From John Taylor, with Jefferson’s Opinion on Mary Wayland

[16 Aug. 1782]


Your most Curious Council is required on the following Cases.

Case the 1st. Adam Wayland of Culpeper County in the Virga. State, after 1st. Lawful Marriage had 6 Children by his wife and She pregnant with the 7th.—Made a Will by which will he bequeath’d his wife one full Third part of his Estate, his wife in time of her pregnancy was Taken with the Small pox and Died—after remaining a widower Some Time he married again. The remainder of his Estate by the aforesaid Will he left to be Eaqually Divided, among (all) or as the Executors have it his Children, without nominating So much as even One of them—having a View as must be Suppos’d by that Omission of a future posterity, which According happen’d by his Second Lawful married wife, and then himself died Leaving 2 Small Children (a Son and a Daughter) without any Other will than that made in his first wifes Lifetime, which said Will was prov’d in Court, orders Issued for appraisers to appraise the Estate and Gentlemen to divide, giving the widow her Thirds And her Two Children an Eaqual part with the 6 by his first wife. The Court Granting her the Guardianship to her own Children, and to be (possess’d of their) or at least to have the Care of their Estates during their Minority, which Accordingly was Set apart and put in her possession by the Executors.
Case 2d. The Executors by Some Council Since received Cavil with her that her 2 Children have no right to Any part of the Estate, and She Only a right to her thirds of the Lands Slaves and mills and Only a Childs part of the movable Estate (viz.) 1/7th. and Threaten to Sue her for Her 2 Childrens part and what She has received over a Childs part of the Movable Estate (or 1/7 th.).
Case 3rd. There is 3 Tracts of Land, one whereof the heir at Law pretends to Hold as a Gift from his father; by Marriage Contract, he neither Married the Woman, has no Deed or record from his father nor Any proof his own Oath Excepted. How are Those Lands to be Divided to do the widow Justice—She having renounc’d the will in Nine Months after Probate.
Case 4th.

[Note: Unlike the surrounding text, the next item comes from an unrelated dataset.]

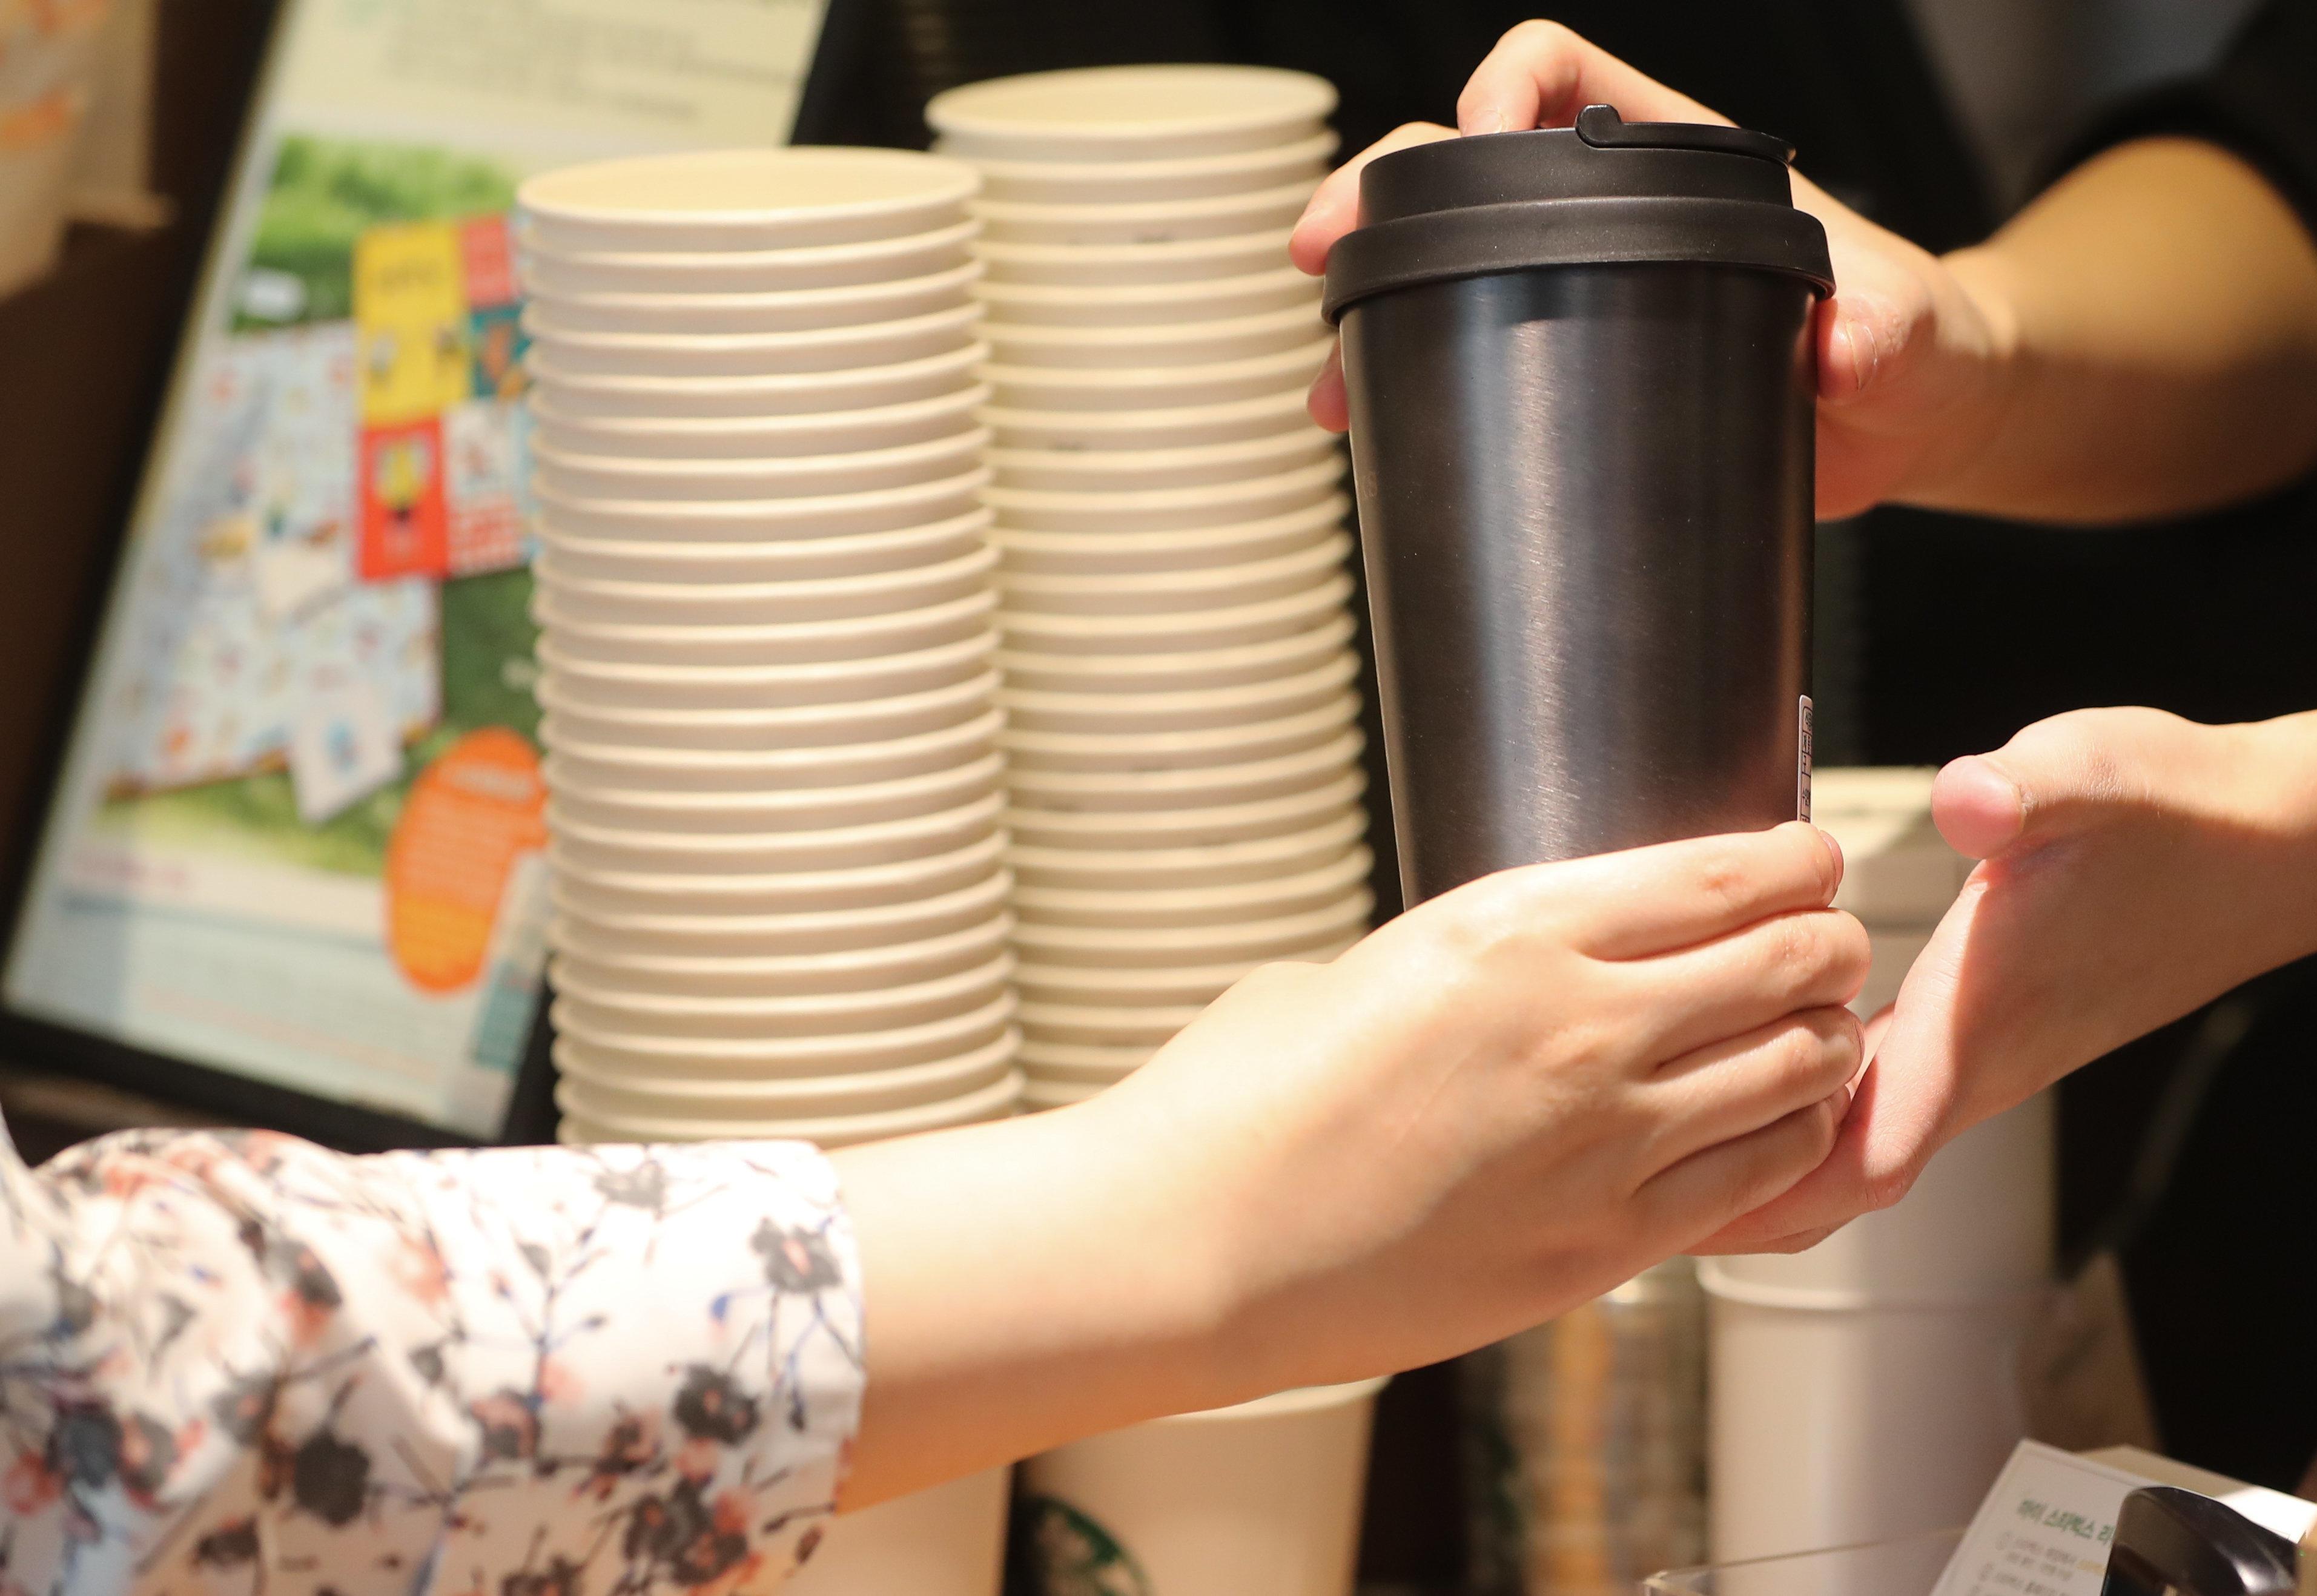 스타벅스와 서울시가 서울 시내에 일회용 컵 수거함을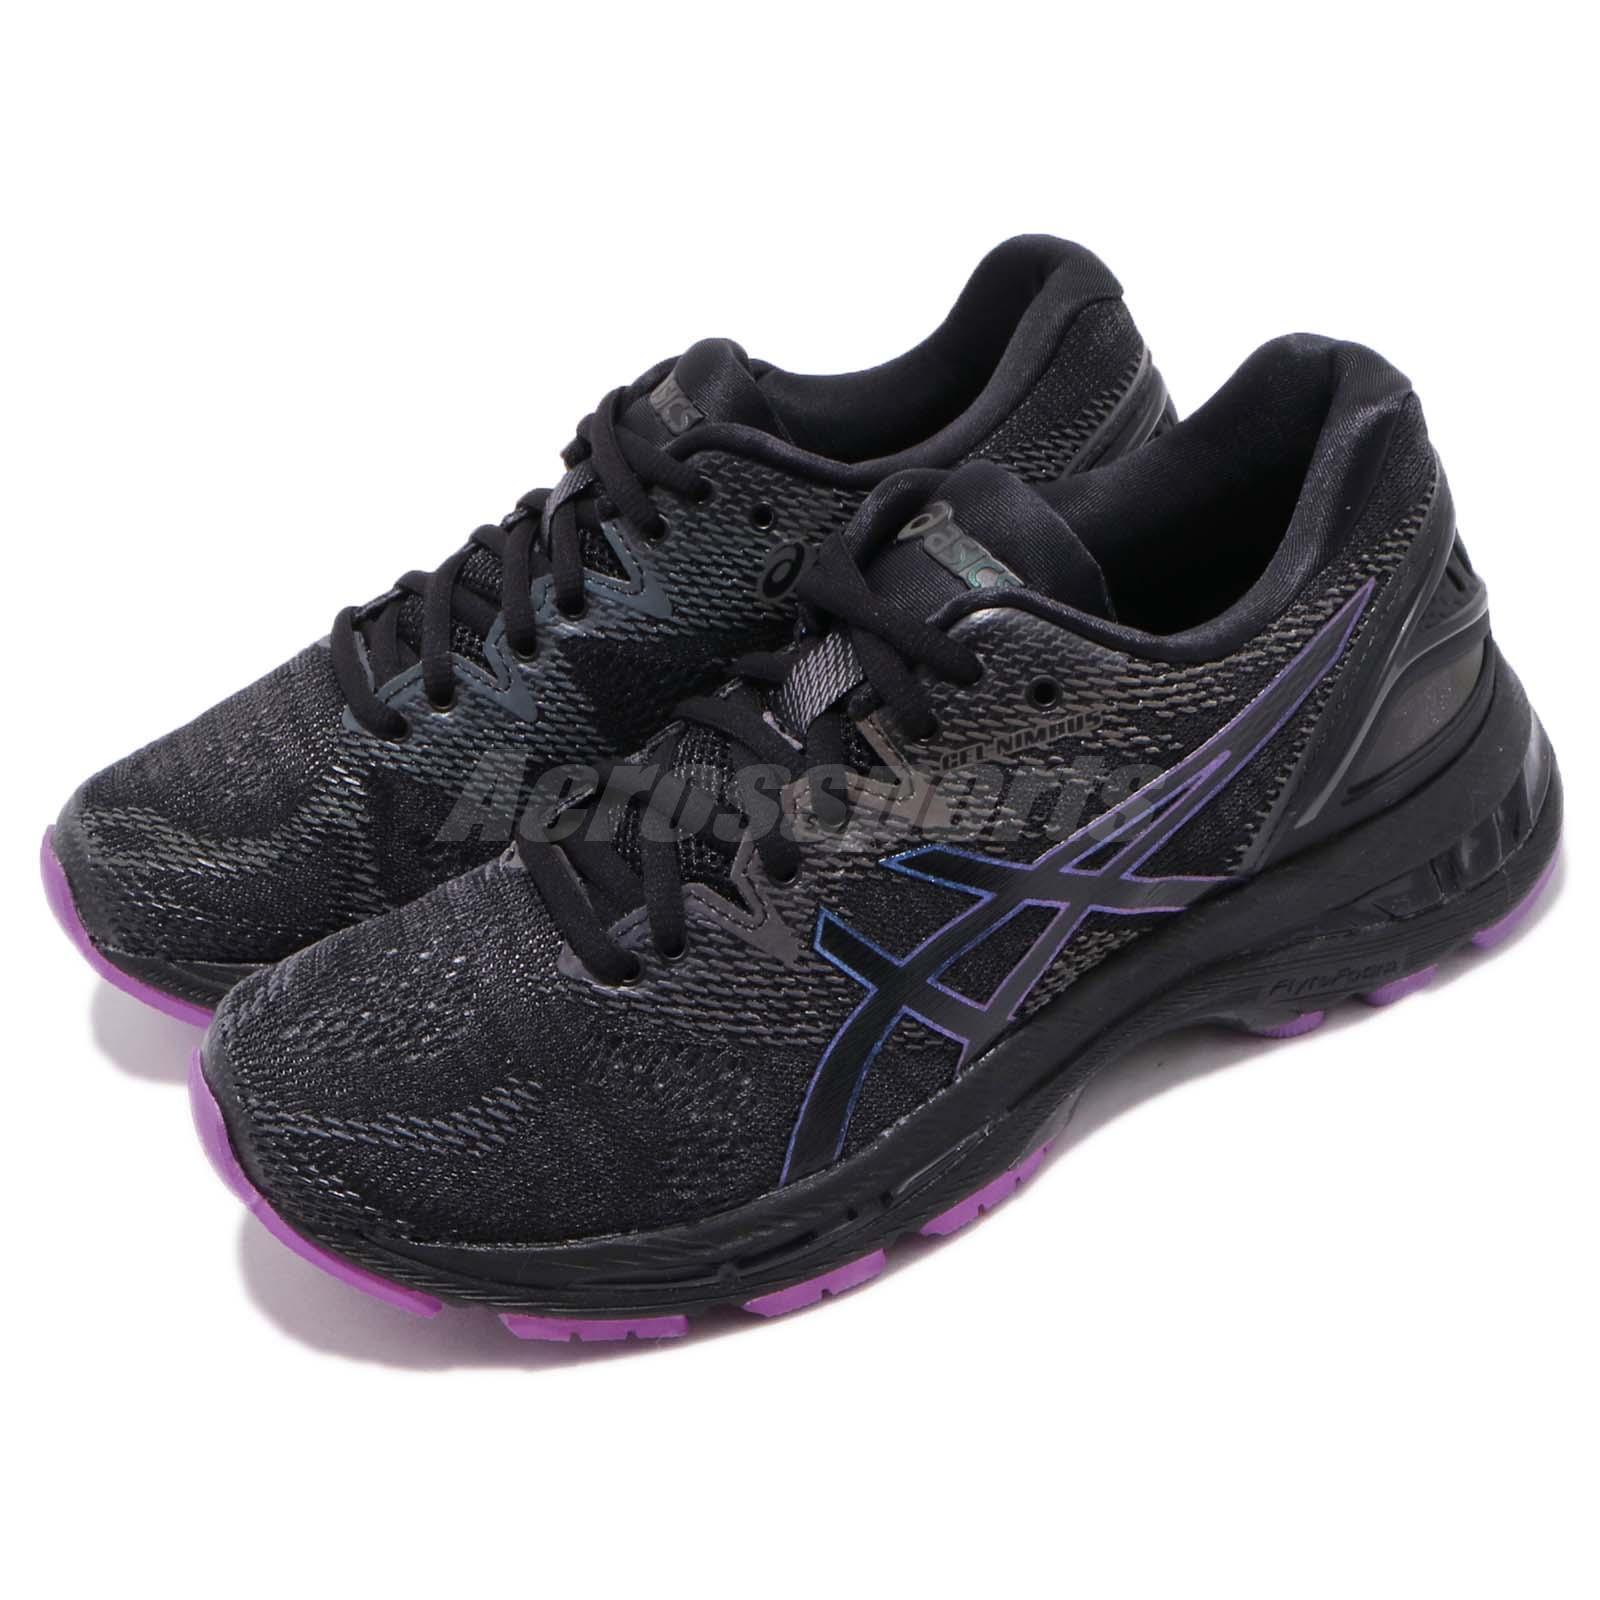 Details about Asics Gel-Nimbus 20 Lite-Show Black Purple Women Running Shoes 1012A037-001

The Widow on the Mannor plantation Sow’d a field with wheat last fall which in april Last the Executors Came and offer’d to rent out with the Cornfield And pasture Ground, the widow warn’d them to Concern themselves with nothing Concerning the Mannor plantation, upon which they at that Time desisted Only Among themselves Judging the Quantity of wheat they thought the field might Make, but Since the wheat has been reap’d they Came and fore[warn’d?] the widows Overseer (not her) from removing the wheat out of the field, the widows Right in the mannor plantation relating to Croping, working none but hers and her Childrens people with an overseer thereon required.
Case 5th. The Executors Sent the Collector to Collect the widows and Her Childrens Taxes which She paid by the Hand of Capt. Henry Field, who on her behalf Took receipt for the Same as may appear—whether this Does not in Measure Establish hers and her Childrens property is the Case.
Case 6th. The Heir at Law has a Negroe man in his possession which he Says his father gave him, but has neither record nor witness to prove it. Your opinion in that Case is desired.
Case 7th. There is another Tract of Land, Seperate from the Other Three Adjoining Tracts, is the widow to have her Thirds Laid off in Quantity And Quality of Each Tract Seperately, or her thirds Taken off the Mannor plantation and Tracts Binding thereon and Adjoining it in One Tract, [is?] the Case required.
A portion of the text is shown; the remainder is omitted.